MANILA, Philippines — Philippine police on Sunday captured a suspected Muslim rebel bomber who allegedly was involved in a 2009 land mine attack that killed two U.S. Army Special Forces soldiers and a Filipino marine in a restive southern province.
Miraji Bairulla did not resist when policemen, backed by Philippine marines, served a warrant for his arrest in the town of Indanan in Sulu province, police Senior Superintendent Abraham Orbita said. Bairullah, who uses the rebel name "Mahang," is a bomb expert for the Moro National Liberation Front rebel group, he said.
Bairullah was among militants who placed a powerful land mine that hit and caused a passing Humvee to flip over, killing two U.S. soldiers and a Filipino marine on Sept. 29, 2009, in an isolated stretch of a coconut tree-line dirt road in Indanan, Orbita said. Two other Filipino marines were wounded in the attack.
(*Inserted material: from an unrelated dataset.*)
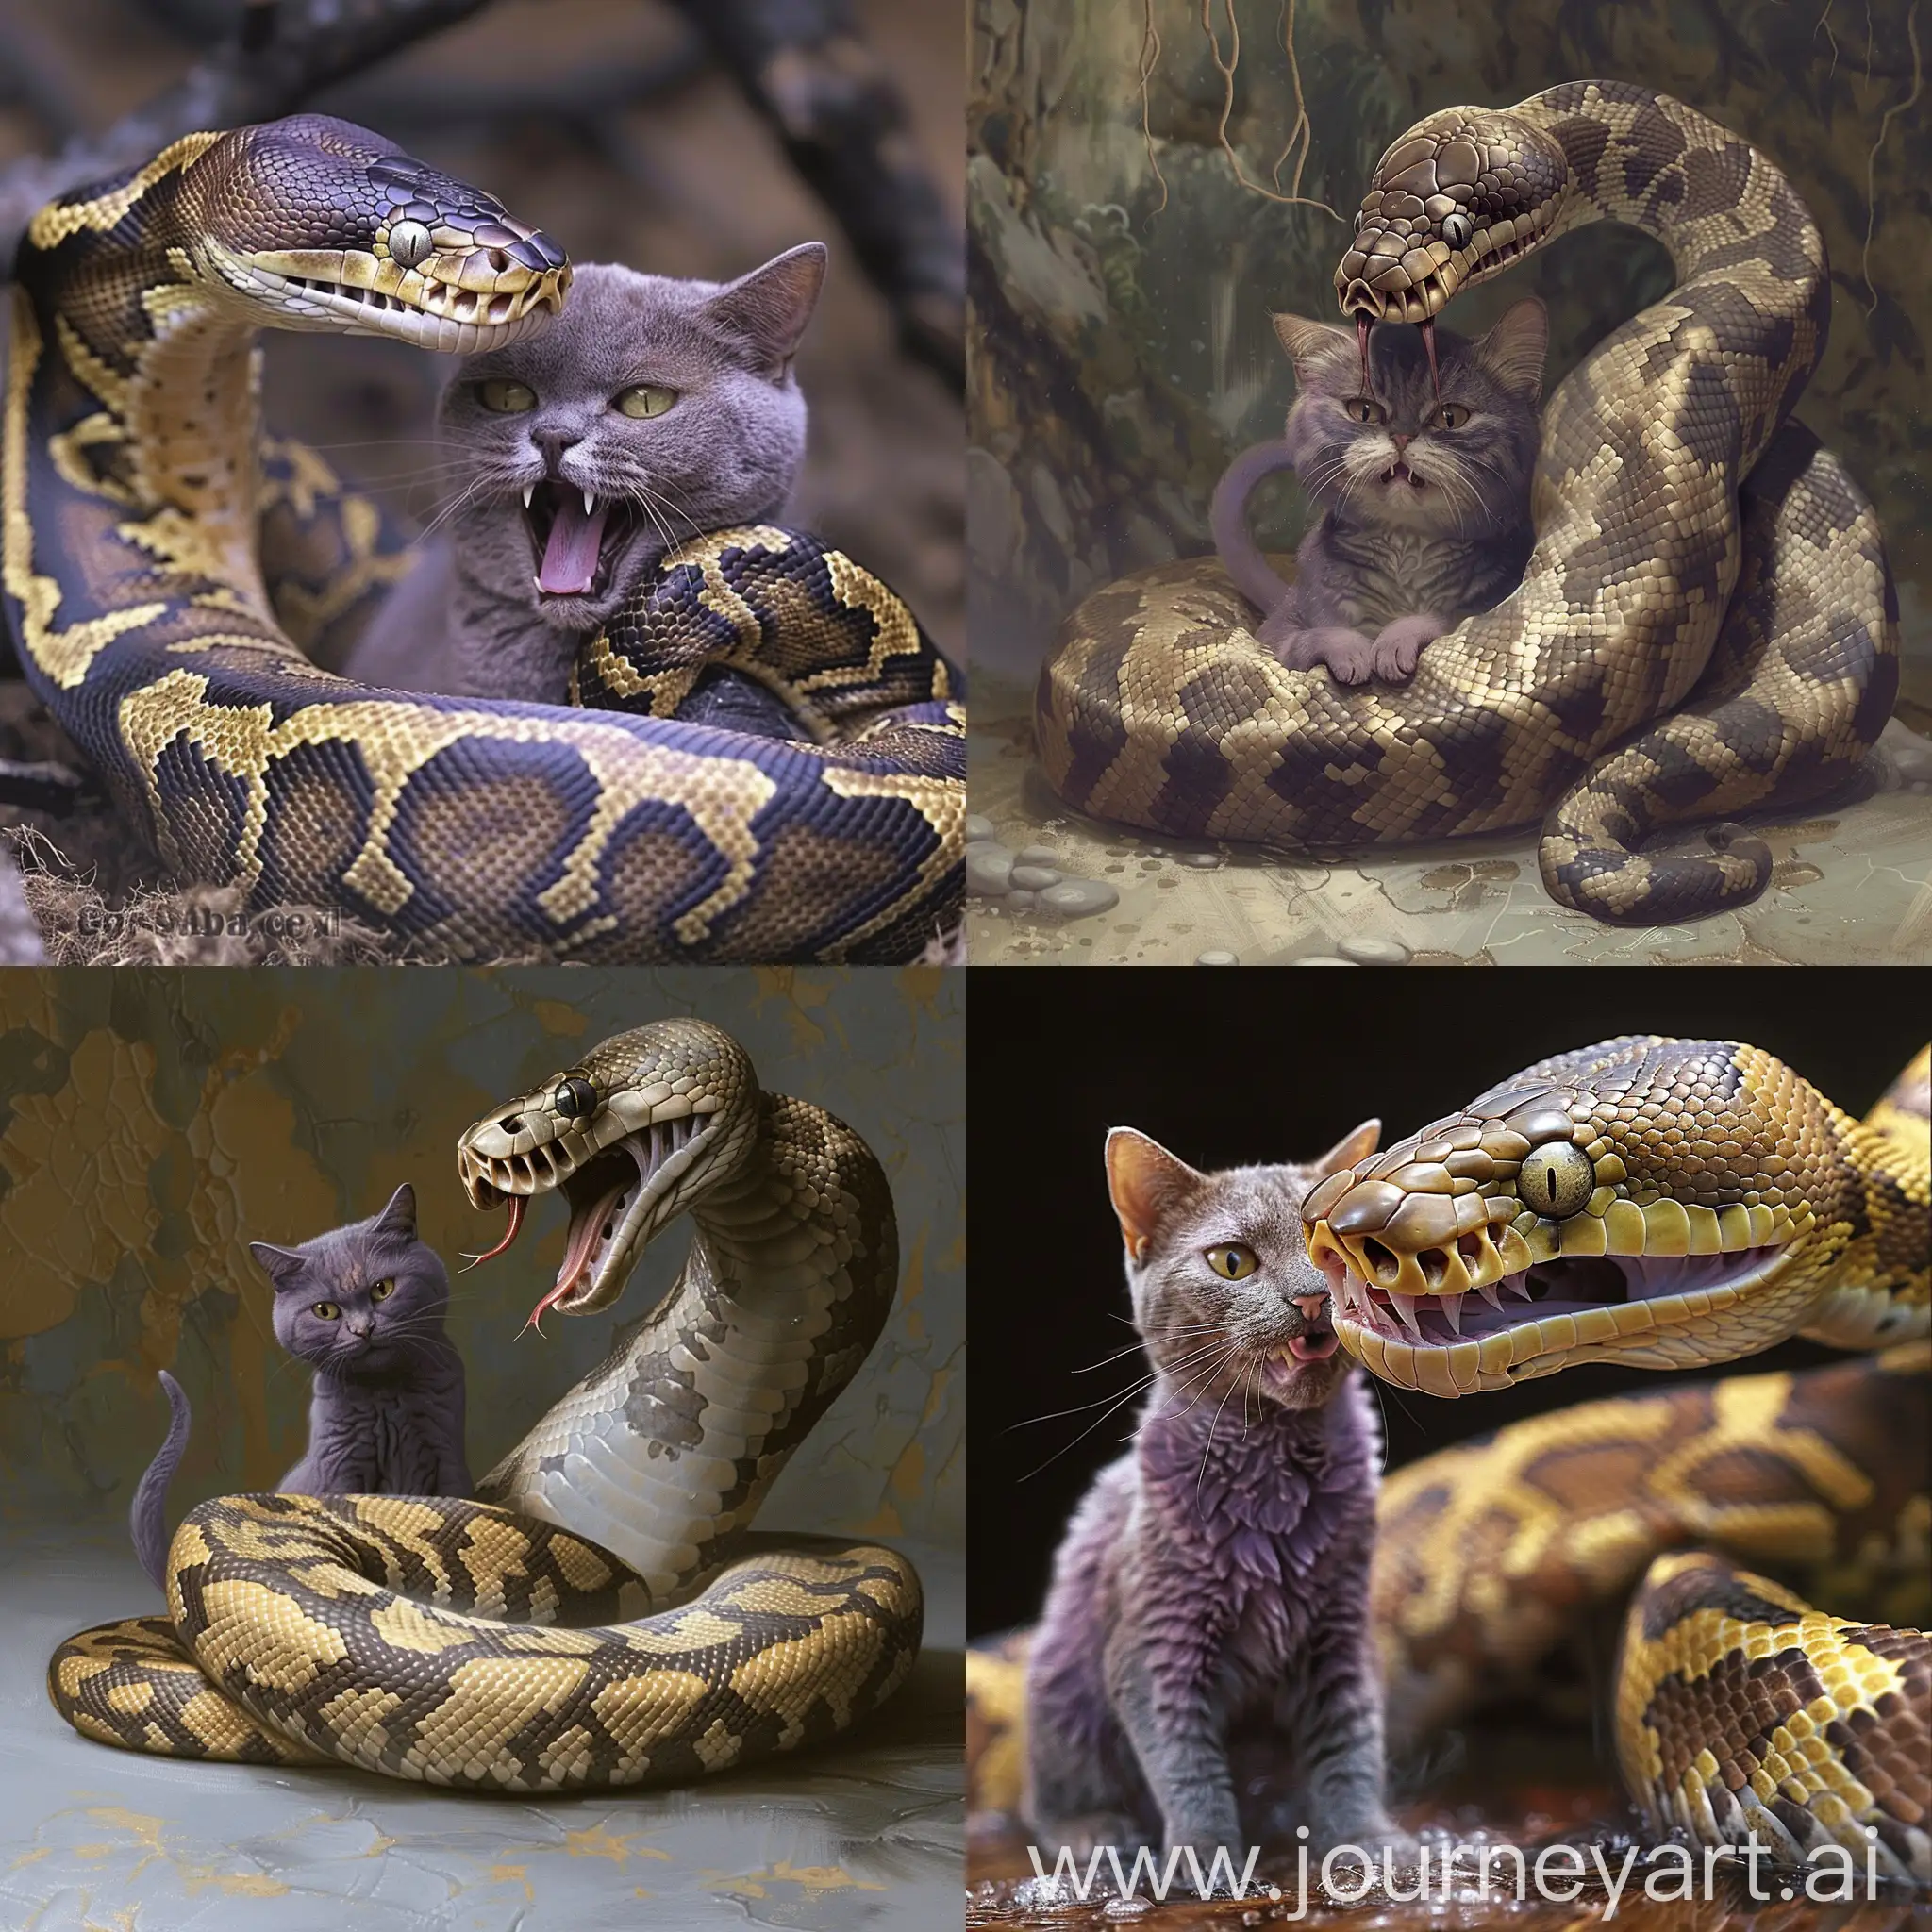 a snake python with an aggressive expression, squeezing a cat that is purple and crying from suffocation

No gunbattle ensued after the land mine blast.
The American and Filipino troops came under attack while en route to deliver food and other supplies to U.S. Seabees helping construct a school building and dig a water well for poor villagers of Kagay village in Indanan, a hilly farming town where militants belonging to the Moro National Liberation Front and the smaller but more violent Abu Sayyaf have had an active presence.
U.S. and Filipino forces appeared to have been lured to pass through the land mine-ridden hinterland at the time by the militants, who resented the construction of school building and other projects by outsiders. U.S. military personnel usually traveled by helicopters for safety, but villagers often flew kites, an aviation hazard that prompted the Americans to travel by land, security officials said at the time.
Hundreds of American military personnel have been providing counterterrorism training and advising Filipino troops battling al-Qaida-linked Abu Sayyaf militants in southern provinces including Sulu since 2002. That year, an American Green Beret was killed by a bomb outside an army camp in southern Zamboanga city in an attack blamed on Abu Sayyaf militants.
The Moro National Liberation Front was once the largest Muslim rebel group in the south, homeland of minority Muslims in the largely Roman Catholic Philippines, until it signed an autonomy deal with the government in 1996. Many of the rebels, however, held on to their firearms despite the peace deal and later resumed attacks. Others defected from the Moro group and organized the Abu Sayyaf in the early 1990s.